Flat roofs have numerous advantages over pitched roofs. They are quicker and cheaper to construct, and the materials needed cost a lot less too.
They are also a more modern and efficient design than traditional roofs and can be used to create more internal space on a property or to incorporate a ‘green roof’ on a new build or existing building. If you are a DIY enthusiast looking to maintain an existing flat roof or construct a new one, then there are some things you should know before beginning the work.
Coverings on Flat Roofs
The most critical component of any flat roof is its covering. It has a lot of work to do, and if it fails to keep the structure dry and leak-free, the rest of the roof fails too. Getting the covering correctly installed, and maintaining it going forward, is the key to a trouble-free flat roof.
There are many different types of flat roof coverings on the market, and each has its benefits and disadvantages. EPDM roofing, or an Ethylene Propylene Diene Monomer membrane, has become the go-to roof covering for most people because of its extensive list of benefits and ease of use.
It is heat-resistant, weatherproof, and exceptionally durable, making it ideal for use on flat roofs. The amazing benefits of EPDM membranes have made EPDM roofing one of the fastest-growing roof coverings in the residential sector, both for new build extensions and for existing roof projects.
Planning, preparing, and installing a flat roof is complicated so you should consult some experts and see how they can help you plan and execute the work correctly. Roofs are an integral part of any building’s structure. You may be required to have professional help during an installation for building insurance or to qualify for any guarantee on your materials, such as an EPDM membrane.
The team at Rubber Roofing Direct are EPDM roofing experts that can help you to learn more about flat roofing and how to install a flat roof covering correctly. Their popular training centre is a place many handymen and women go to learn the tricks of the trade before beginning the work, and their online resources can help you to get the right amount of EPDM roofing for your flat roof.
Pitches on Flat Roofs
Flat roofs may be smooth, but they are laid at a pitch. This means water will pour in one direction off the flat roof. Planning your pitch, deciding where the water will run, and what your drainage system will be, are all important parts of successfully executing a flat roof installation.
The pitch of the roof creates a slope that the water runs down. In roofing terms, this slope is known as the ‘fall’, and a flat roof fall should have a gradient that is never less than 1:80. Having a gradient of 1:40 is usually the sweet spot. This is enough for the water to run away quickly, but not too much so the roof looks angled and not flat and level to the naked eye.

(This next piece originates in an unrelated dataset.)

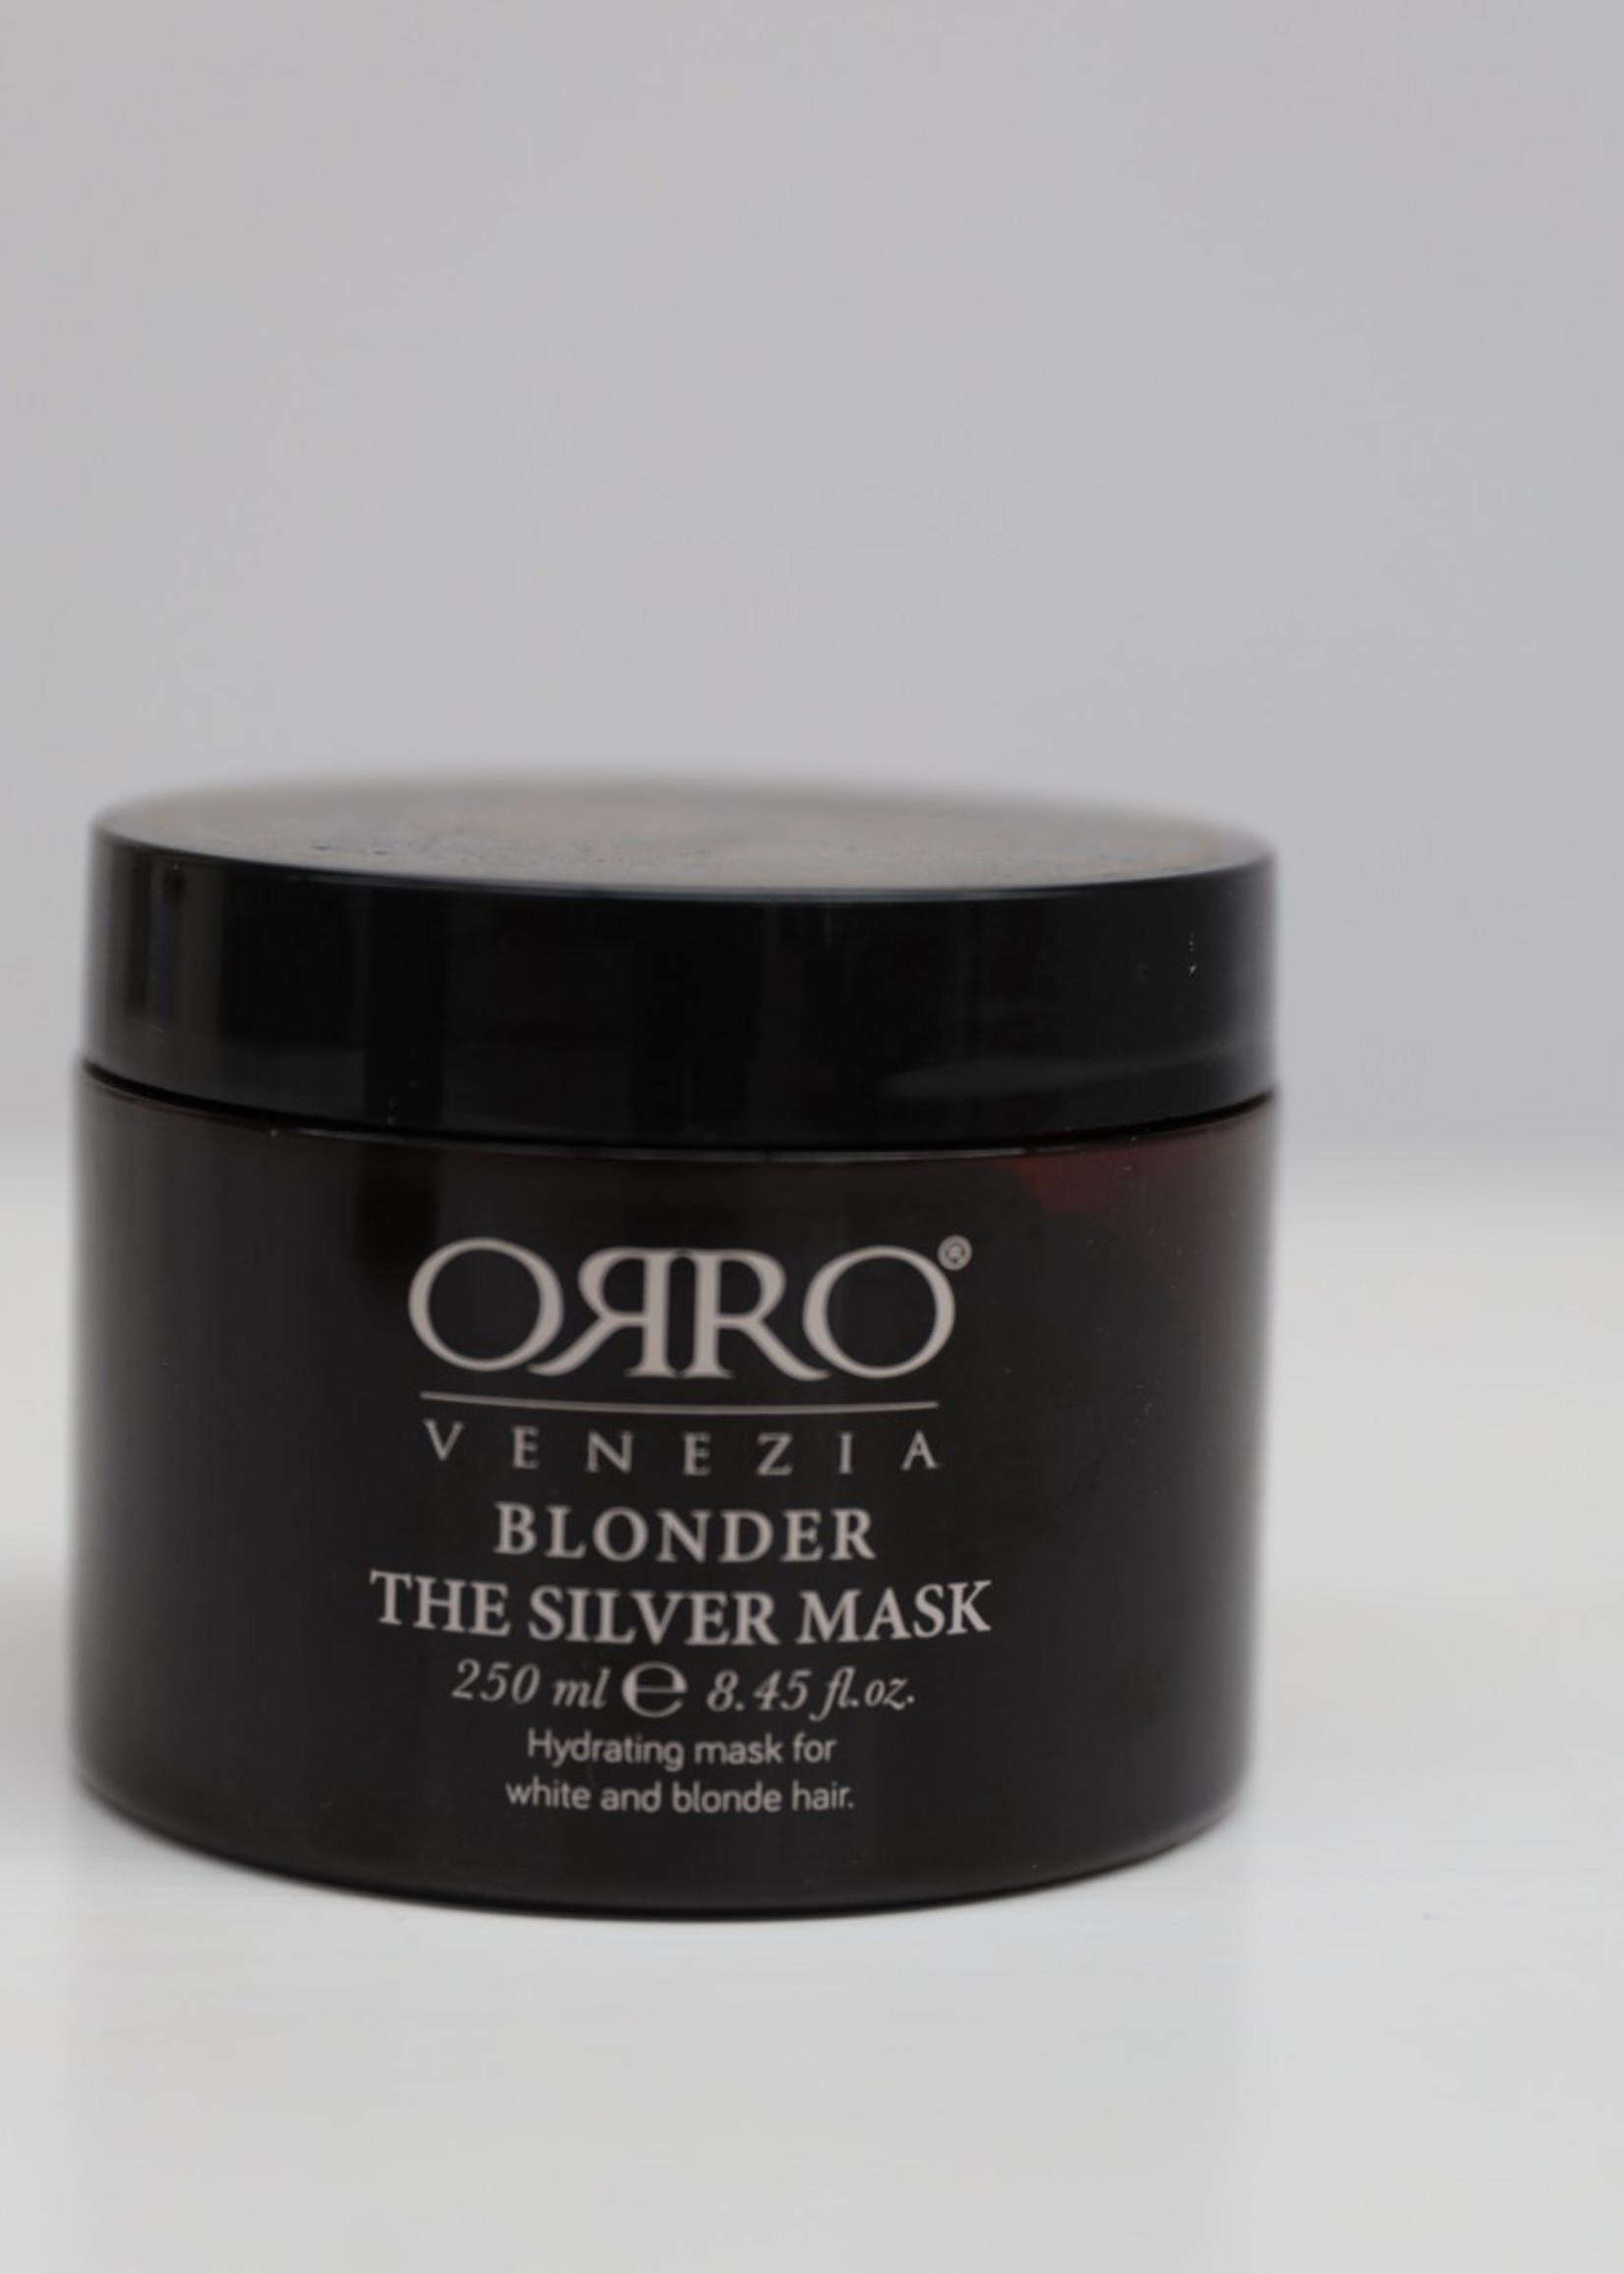 ORRO ORRO Blonder Silver Mask 250ml

Planning your pitch is important, as it will influence many other design choices you are going to make. How you pitch the roof internally is one major concern. Many people do not like the aesthetics of an internal sloped roof. This means you will have to plan how to pitch your roof externally while keeping a level ceiling inside the building.
A simple solution is ‘firring strips’. These are angled battens that are placed on top of roof joists. These batons support the roof construction you lay above them, providing the angle you need while keeping a level surface internally.
With your pitch planned and your covering chosen you can now start to gather the supplies you need to get the job done and schedule the work. Laying a flat roof can be complicated, but with the right planning and preparation, and the right tools and materials for the job, anything is possible.
Constructing Flat Roofs
Every flat roof is unique. You can even refurbish and replace a flat roof that you have previously installed, and it will be a completely different experience. There are some rules that you can follow, and design choices that you must make, that can help you out and make the construction of a flat roof simpler.
The first decision you need to make is whether you will have a hot roof or a cold roof. This choice is about where you will place your roof insulation, and how you will work that into your construction schedule. The cheapest, simplest, and most popular choice is to have a warm roof.
Warm roofs have the insulation laid directly on top of the timber roof structure, with the roof covering laid over the insulation. This will keep the space below the flat roof warm and makes the insulation quicker to install. It also makes it easier to plan the work than choosing a cold roof construction.
Cold roofs have insulation installed between the rafters with plywood sheets as a covering above them as the first layer of the flat roof. This technique is rarely used when building flat roofs today but can be found in many older flat roofs. There are pros and cons to both warm roofs and cold roofs, you should take a closer look and decide which is best for your flat roof construction.
New build extensions may need a cold roof due to local building regulations, so it is best to check this during the planning stages of your build. Having a warm roof raises the profile of the flat roof, and this may not be possible if an extension has to match existing properties in the neighbourhood, or the height of an extension is limited by existing obstacles or to reduce the shadow it casts on adjacent property.
A well-constructed flat roof can last a lifetime and be leak-free throughout. They can be complicated but with the right information, support, and planning anyone can correctly install a flat roof on their home or start a career as a flat roof specialist.